Total RNA was extracted from cells with TRIzol reagent (Invitrogen, Carlsbad, CA). Quantitative real-time PCR analyses were performed by Applied Biosystems using SYBR Premix Ex Taq™ (TaKaRa, Japan). The mRNA of GAPDH was used as internal control. The primers were as follows: integrin αv, sense5’-CTCGGGACTCCTGCTACCTC-3′, antisense 5’-AAGAAACATCCGGGAAGACG-3′ integrin β3, sense 5’-CCGTGACGAGATTGAGTCA-3′ antisense5’-AGGATGGACTTTCCACTAGAA-3′ and GAPDH, sense 5’-TCATTGACCTCAACTACATGGTTT-3′, antisense 5’-GAAGATGGTGATGGGATTTC-3’.The relative expression of αv and β3 was calculated using 2-ΔΔCt method.
Western blot analysis
The whole-cell extracts were prepared using RIPA lysis buffer (Beyotime, China) with phenylmethanesulfonyl fluoride and protease inhibitor cocktail (Roche, USA). Cell lysates were separated by 8–12% SDS-PAGE and electro-transferred onto polyvinylidene difluoride membranes (Bio-Rad, USA). After being blocked using 5% non-fat milk for 1 h at room temperature, membranes were incubated with the indicated primary antibodies overnight at 4 °C and probed with horseradish peroxidase-conjugated secondary antibodies (1:1000). The bands were visualized using a ChemicDocXRS system (Bio-Rad, USA).
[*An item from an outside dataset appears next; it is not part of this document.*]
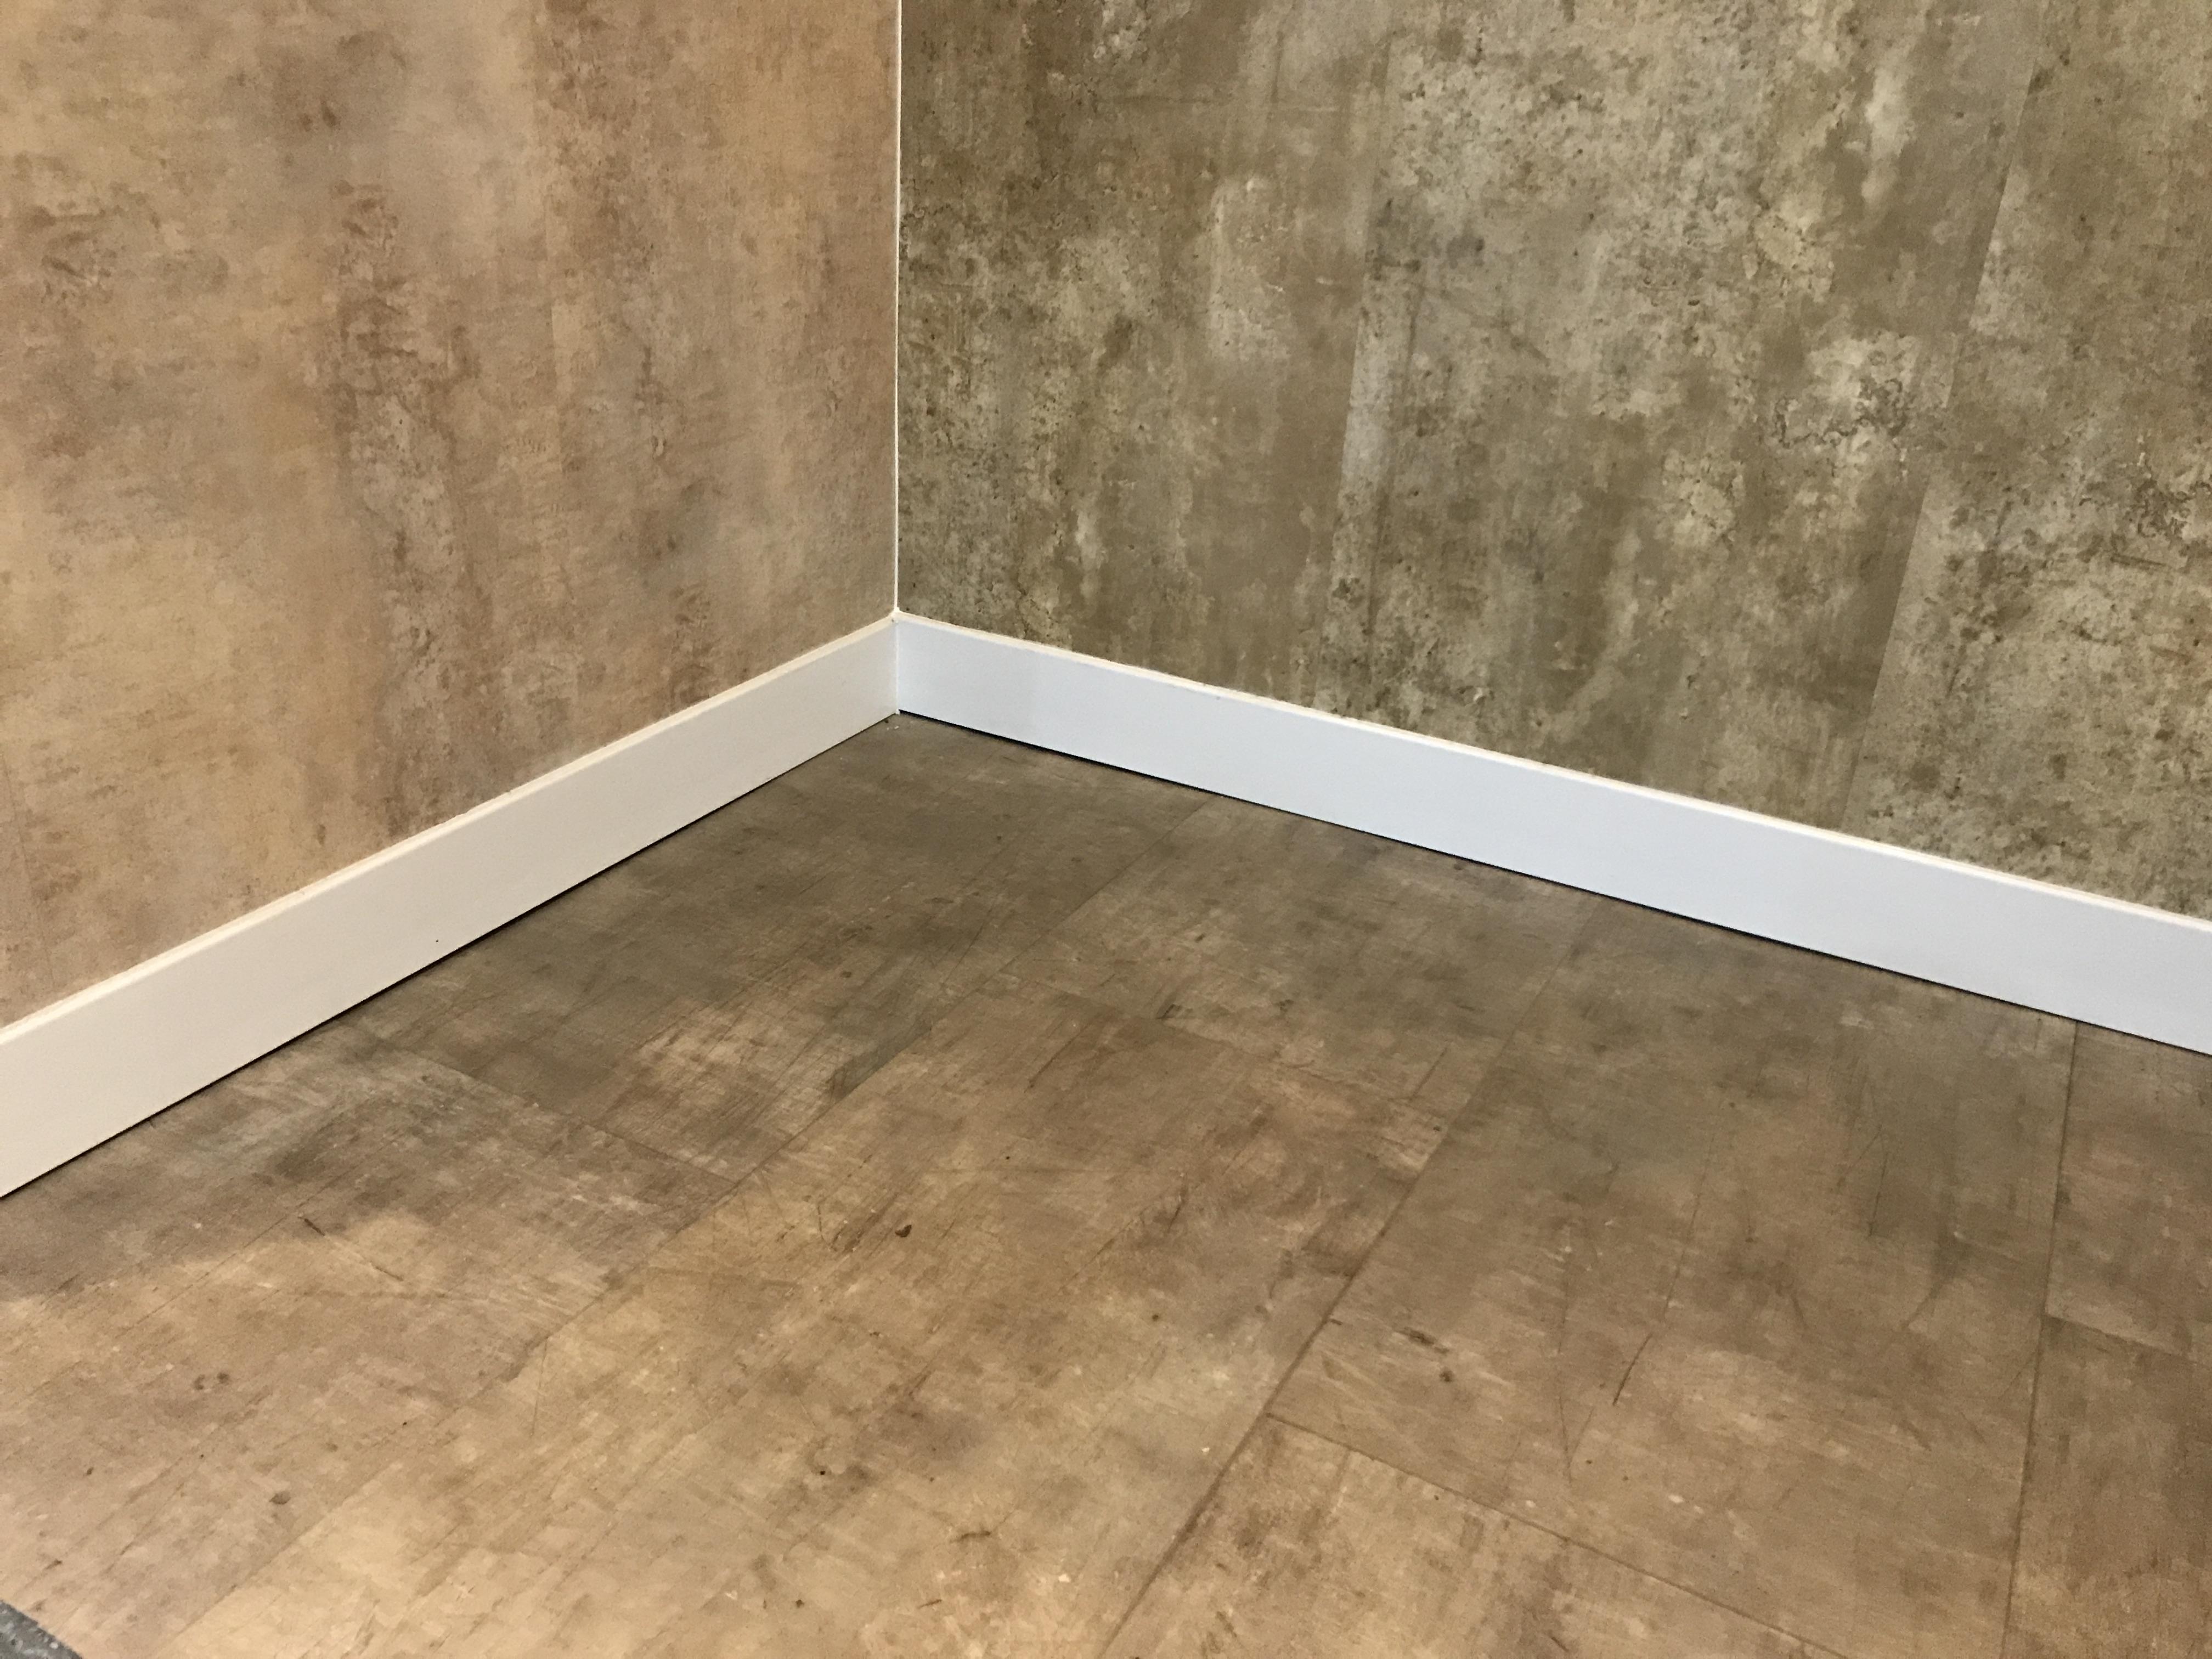 Skirting Trim - Bathroom Cladding Store

Mice were inoculated i.m. in the right hind thigh with MDA-MB-231 cells (2 × 106). Tissue sections were prepared and subjected to immunohistochemical analysis. Anti-human Ki67 antibody, anti-human E-cadherin and anti-human vimentin antibody were used as primary antibodies. HRP-conjugated secondary Ab was used as secondary antibody. Images were obtained using an Olympus-IX71 microscope at 40 × 10 magnification.
For H&E staining, the tumor tissues were embedded in paraffin according to standard histological procedures. Sections were stained with hematoxylin and eosin.
Mice xenograft models
To assay tumor cell arrest in lung during blood flow, MDA-MB-231 cells were labeled with CFSE, and injected into mice via tail vein (2 × 106 cells/mouse, n = 8 for each group). Lungs of mice were harvested 5 h or 24 h after the injection. Frozen sections were prepared and analyzed by fluorescence microscopy. Fluorescent spots were counted from 20 randomly chosen fields in sections of each mouse.
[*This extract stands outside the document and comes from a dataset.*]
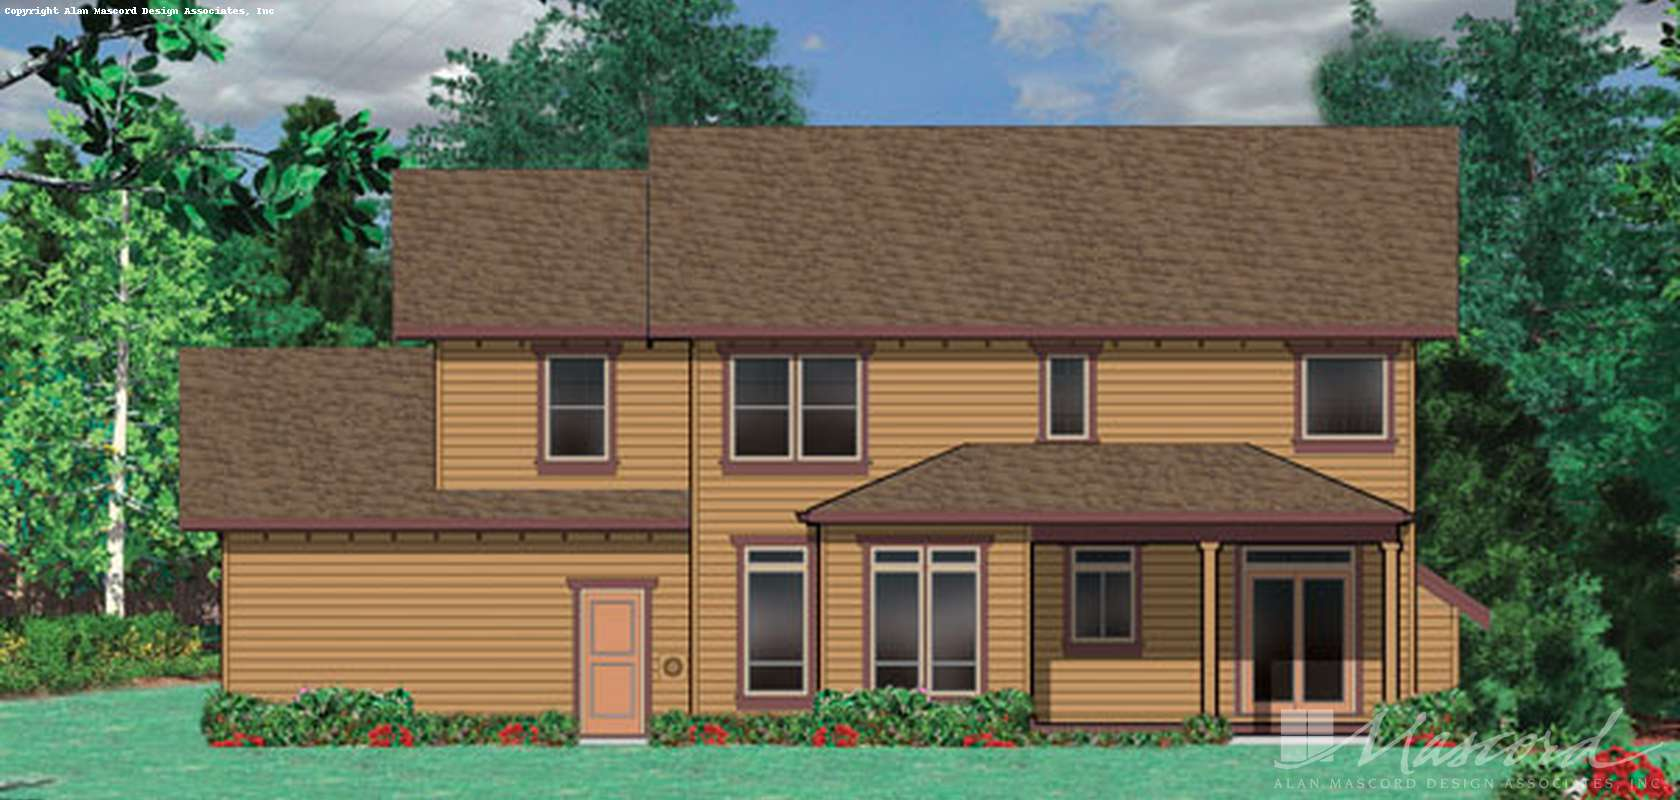 Mascord House Plan 22130: The Sorel

Nude mice were inoculated i.m. in the right hind thigh with MDA-MB-231 cells(2 × 106). The transplanted nude mice were randomly divided into 5 groups (n = 6 for each group). The mice were treated or untreated with14, 15-EET and/or 14, 15-EEZE (i.v. injection, 30 μg/kg/2d). The mice were treated with cisplatin (i.p. injection, 3.0 mg/kg/d) or PBS. All mice were examined every 2 days and sacrificed 35 days after tumor inoculation. Tumor volume (V) was monitored by measuring the length (L) and width (W) and calculated with the formula V = (L × W2) × 0.5.
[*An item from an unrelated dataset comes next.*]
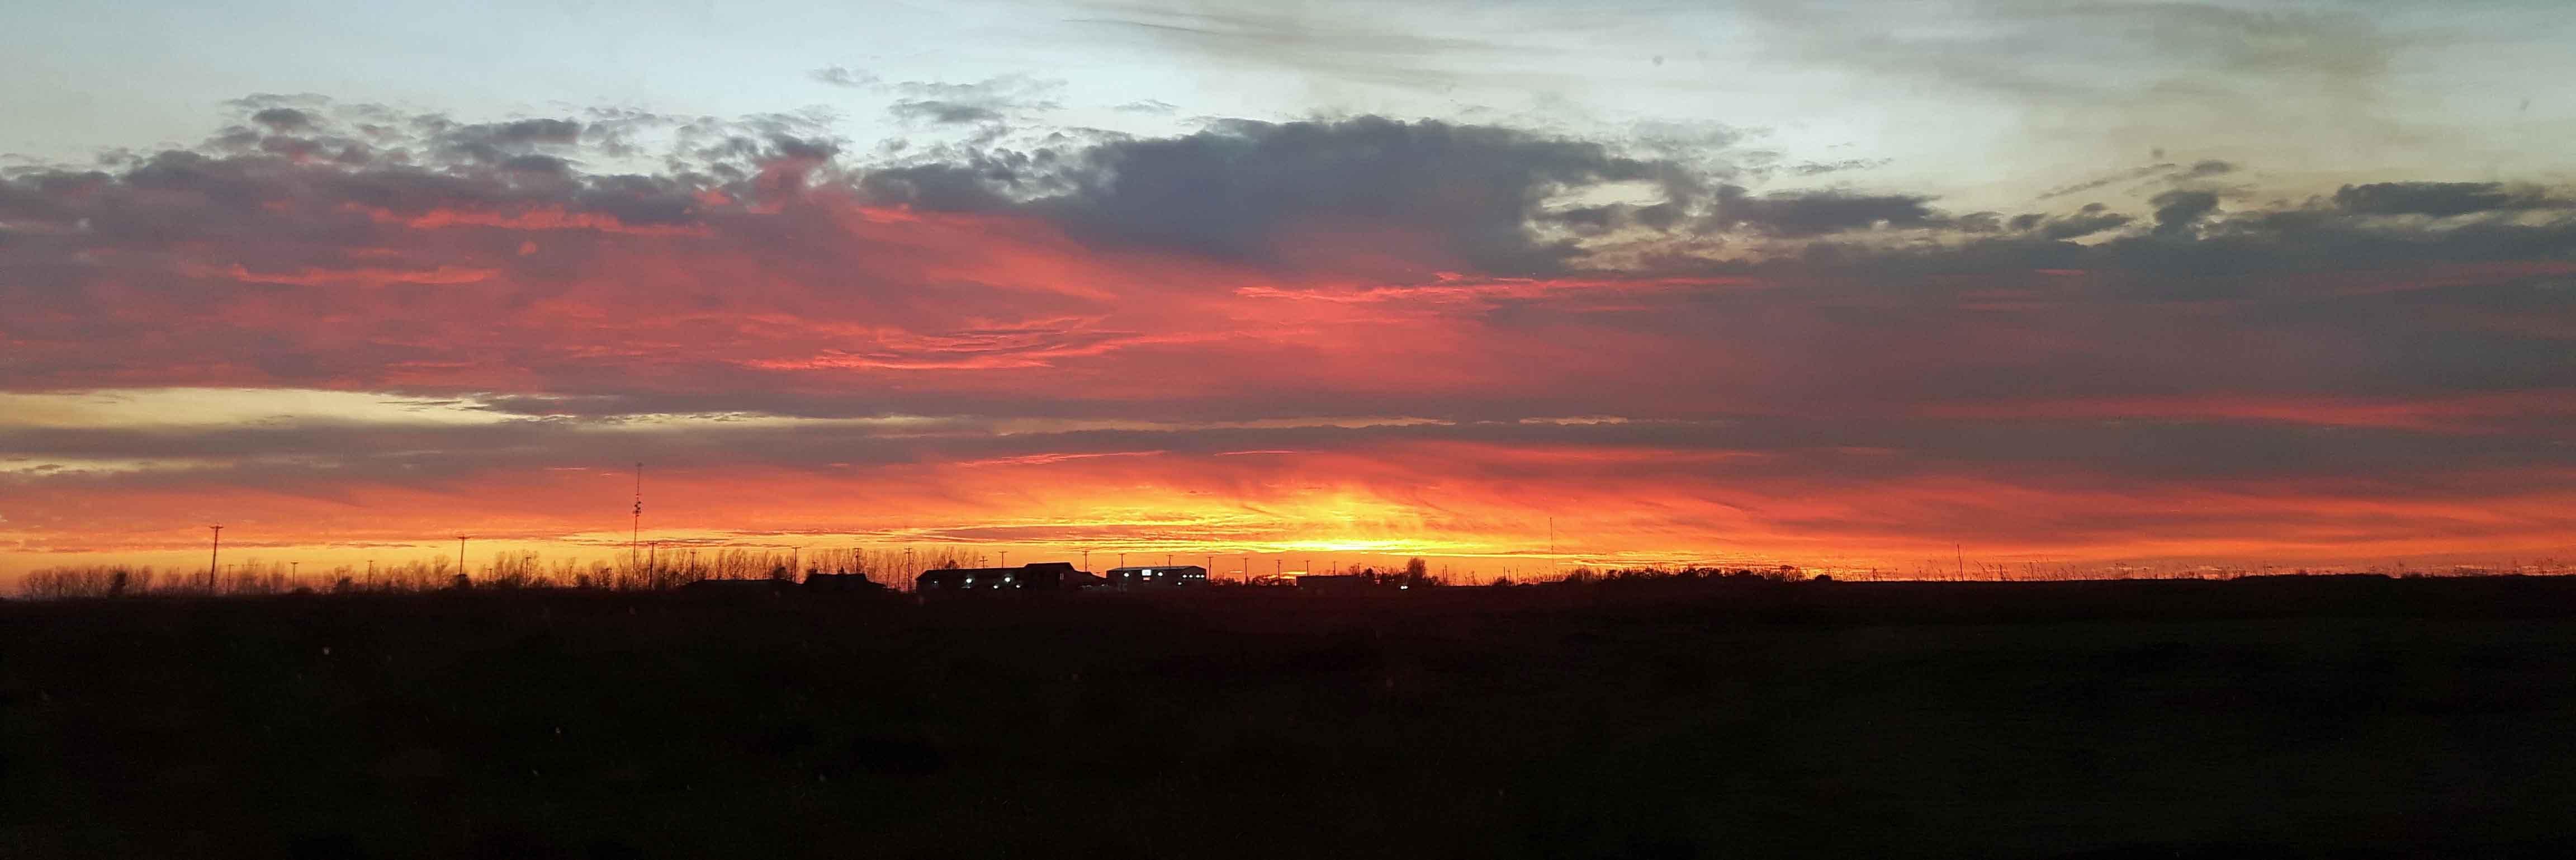 Free stock photo of evening sun, prairie sky, sun, sunset

The values given are means ± S.E.M. The significance of difference between the experimental groups and controls was assessed by Student’s t test. The difference was significant if the p value was < 0.05.
14, 15-EET promotes breast cancer cell adhesion and migration
14, 15-EET has been reported to induce migration and invasion of human cancer cells [5, 6]. 14, 15-EET is very unstable metabolites, and it’s rapidly hydrolyzed by sEH to the more stable metabolites 14, 15-DHETs. We detected the 14, 15-DHET level in serum or in cancer and noncancerous tissues from breast cancer patients. The ELISA results showed that the levels of 14, 15-DHET in serum and cancer tissues in BC patients is much higher than that of healthy donors or noncancerous tissues(Fig. 1a, b). Furthermore, we found that 14, 15-EET enhanced the adhesion ability of MCF-7 and MDA-MB-231 cells (Fig. 1c). Invasion assay showed that 14, 15-EET promoted tumor cell invasion(Fig. 1d), whereas 14, 15-EEZE, an antagonist of 14, 15-EET inhibited EET-induced cell adhesion and invasion.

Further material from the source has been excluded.